The following are the variables columns:
- Date of Interview refers to the day the candidates were scheduled for the interview. The formats vary.
- Client that gave the recruitment vendor the requisite mandate
- Industry refers to the sector the client belongs to (Candidates can job hunt in vrious industries.)
- Location refers to the current location of the candidate.
- Position to be closed: Niche refers to rare skill sets, while routine refers to more common skill sets.
- Nature of Skillset refers to the skill the client has and specifies the same.
- Interview Type: There are three interview types:
1. Walk in drives - These are unscheduled. Candidates are either contacted or they come to the interview on their own volition,
2. Scheduled - Here the candidates profiles are screened by the client and subsequent to this, the vendor fixes an appointment between the client and the candidate.
3. The third one is a scheduled walkin. Here the number of candidates is larger and the candidates are informed beforehand of a tentative date to ascertain their availability. The profiles are screened as in a scheduled interview. In a sense it bears features of both a walk-in and a scheduled interview.
- Name( Cand ID) This is a substitute to keep the candidates identity a secret
- Gender
- Candidate Current Location
- Candidate Job Location
- Interview Venue
- Candidate Native location
- Have you obtained the necessary permission to start at the required time?

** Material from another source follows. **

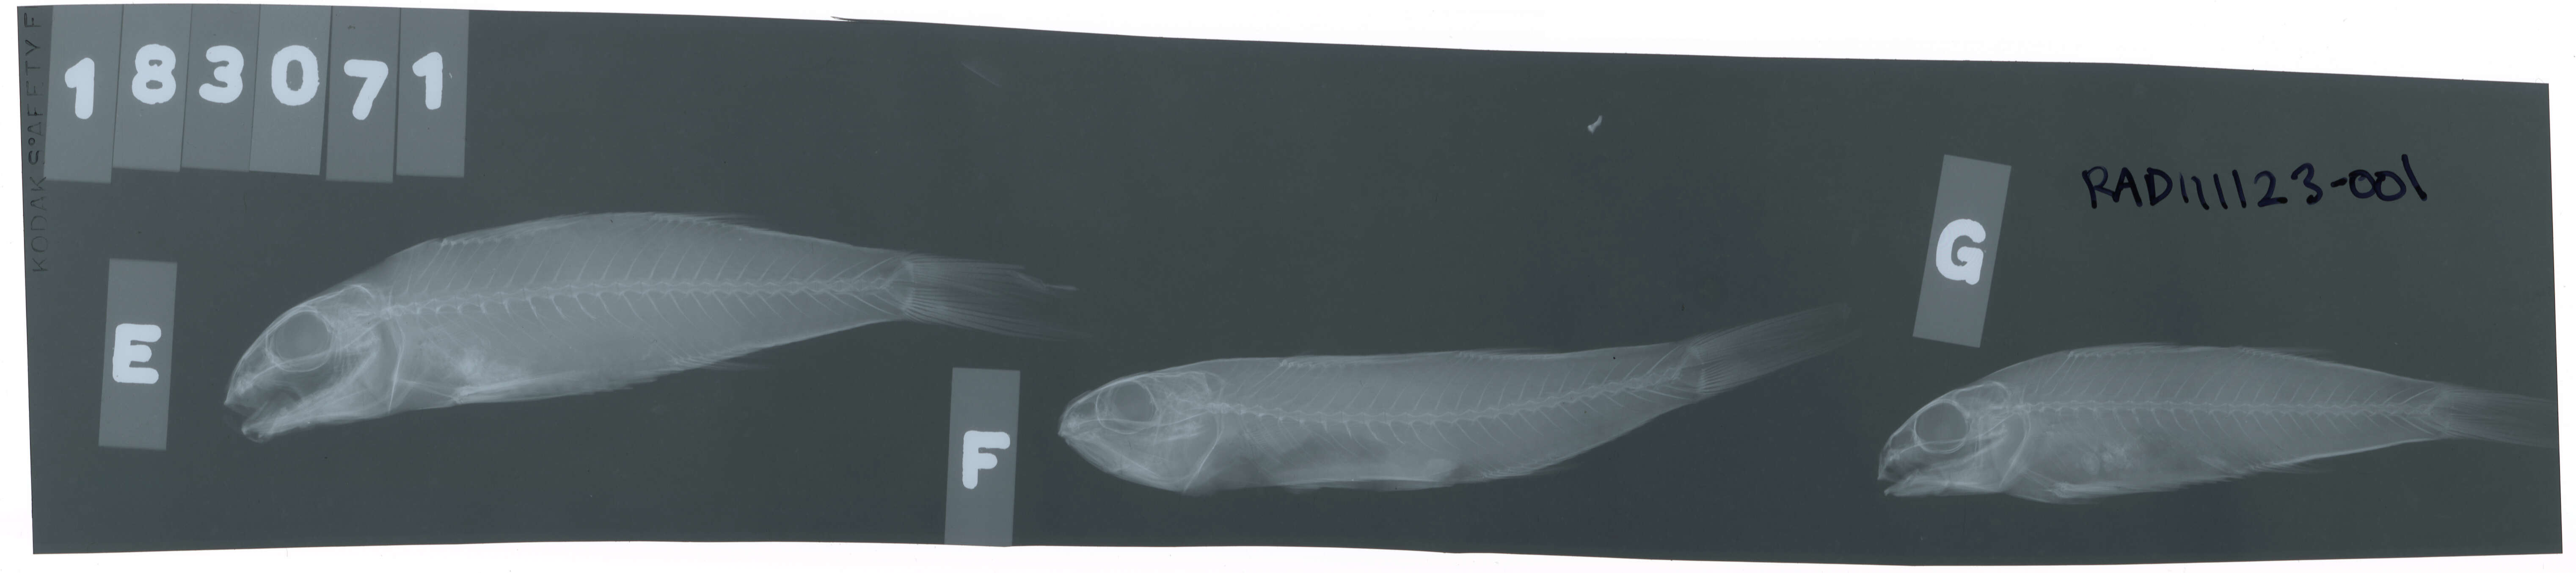 Image of Dark-barred goatfish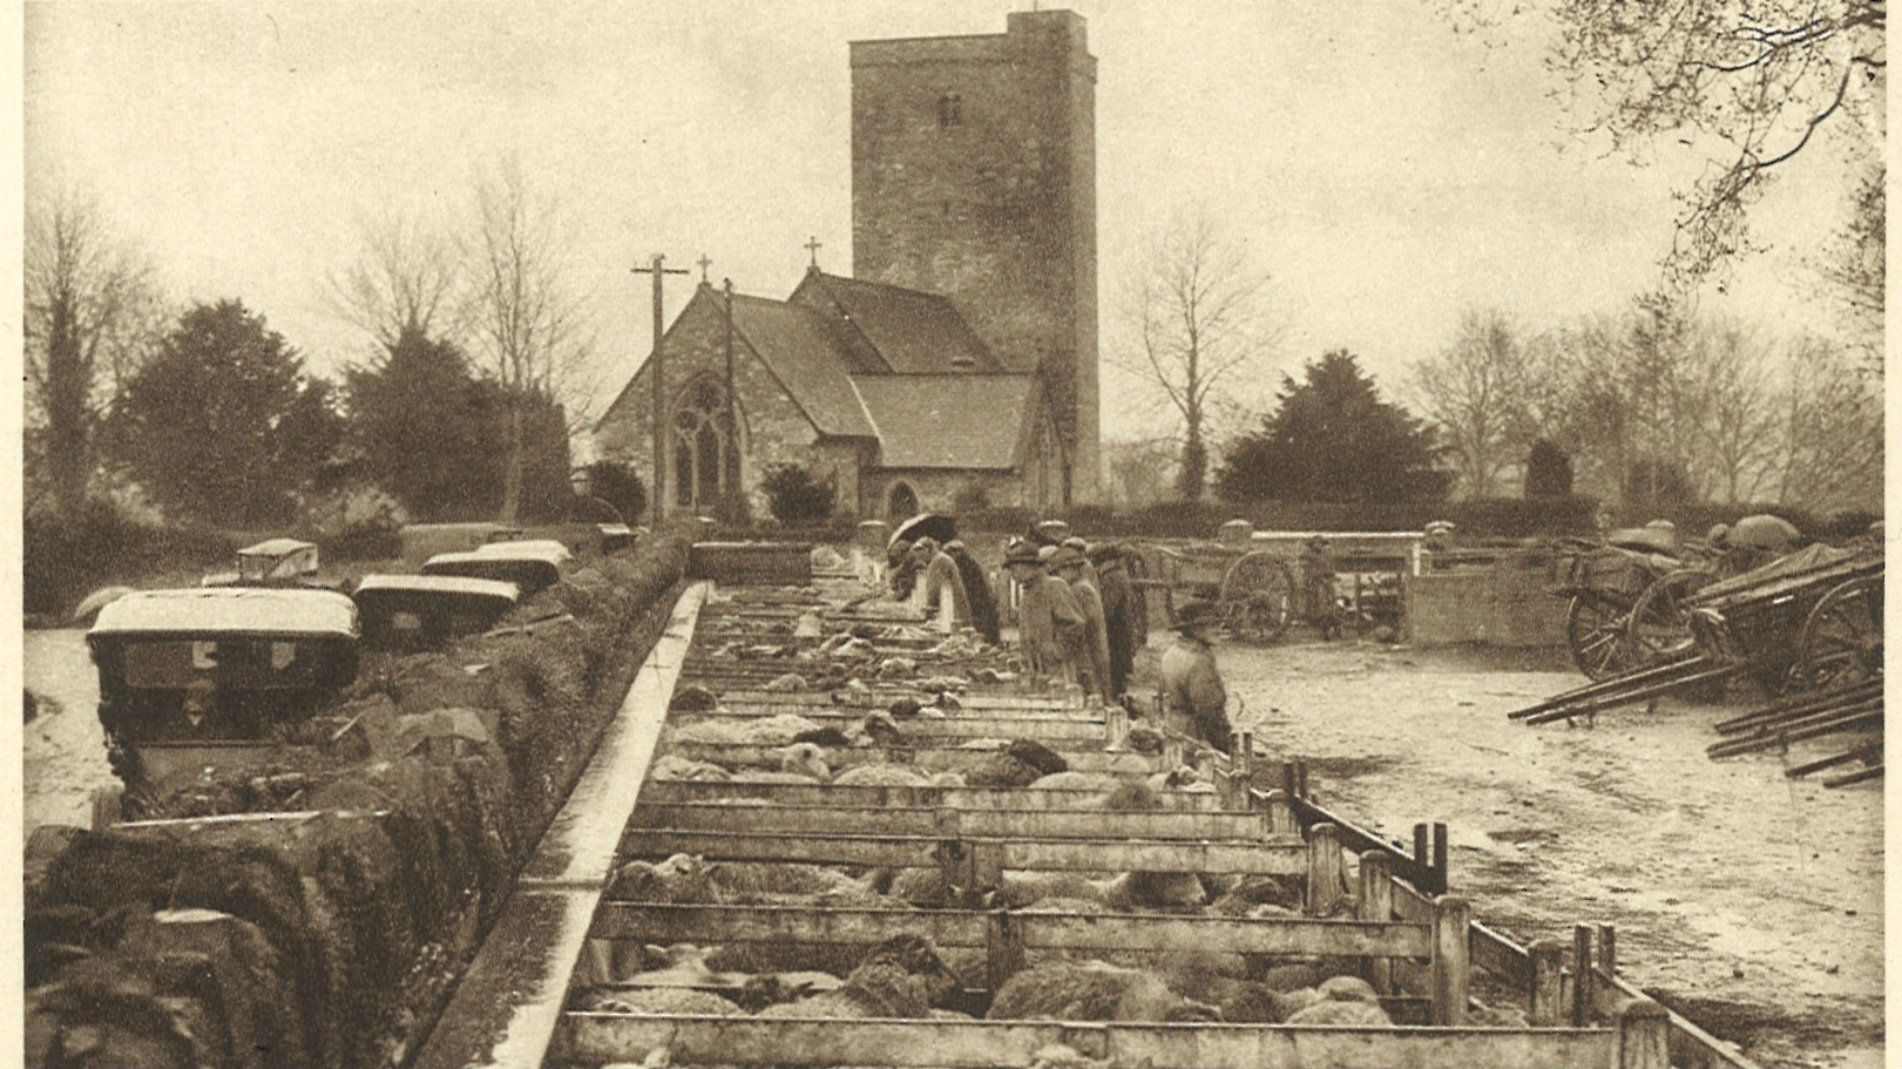 Market day in Llanybydder, early 1900

- I hope there will be no unscheduled meetings.
- Can I call you three hours before the interview and follow up on your attendance for the interview?
- Can I have an alternative telephone number? I assure you that I will not trouble you too much.
- Have you taken a printout of your updated resume? Have you read the JD and understood it?
- Are you clear with the venue details and the landmark?
- Has the call letter been shared
- Expected Attendance: Whether the candidate was expected to attend the interview. Here the alternatives are yes, no or uncertain.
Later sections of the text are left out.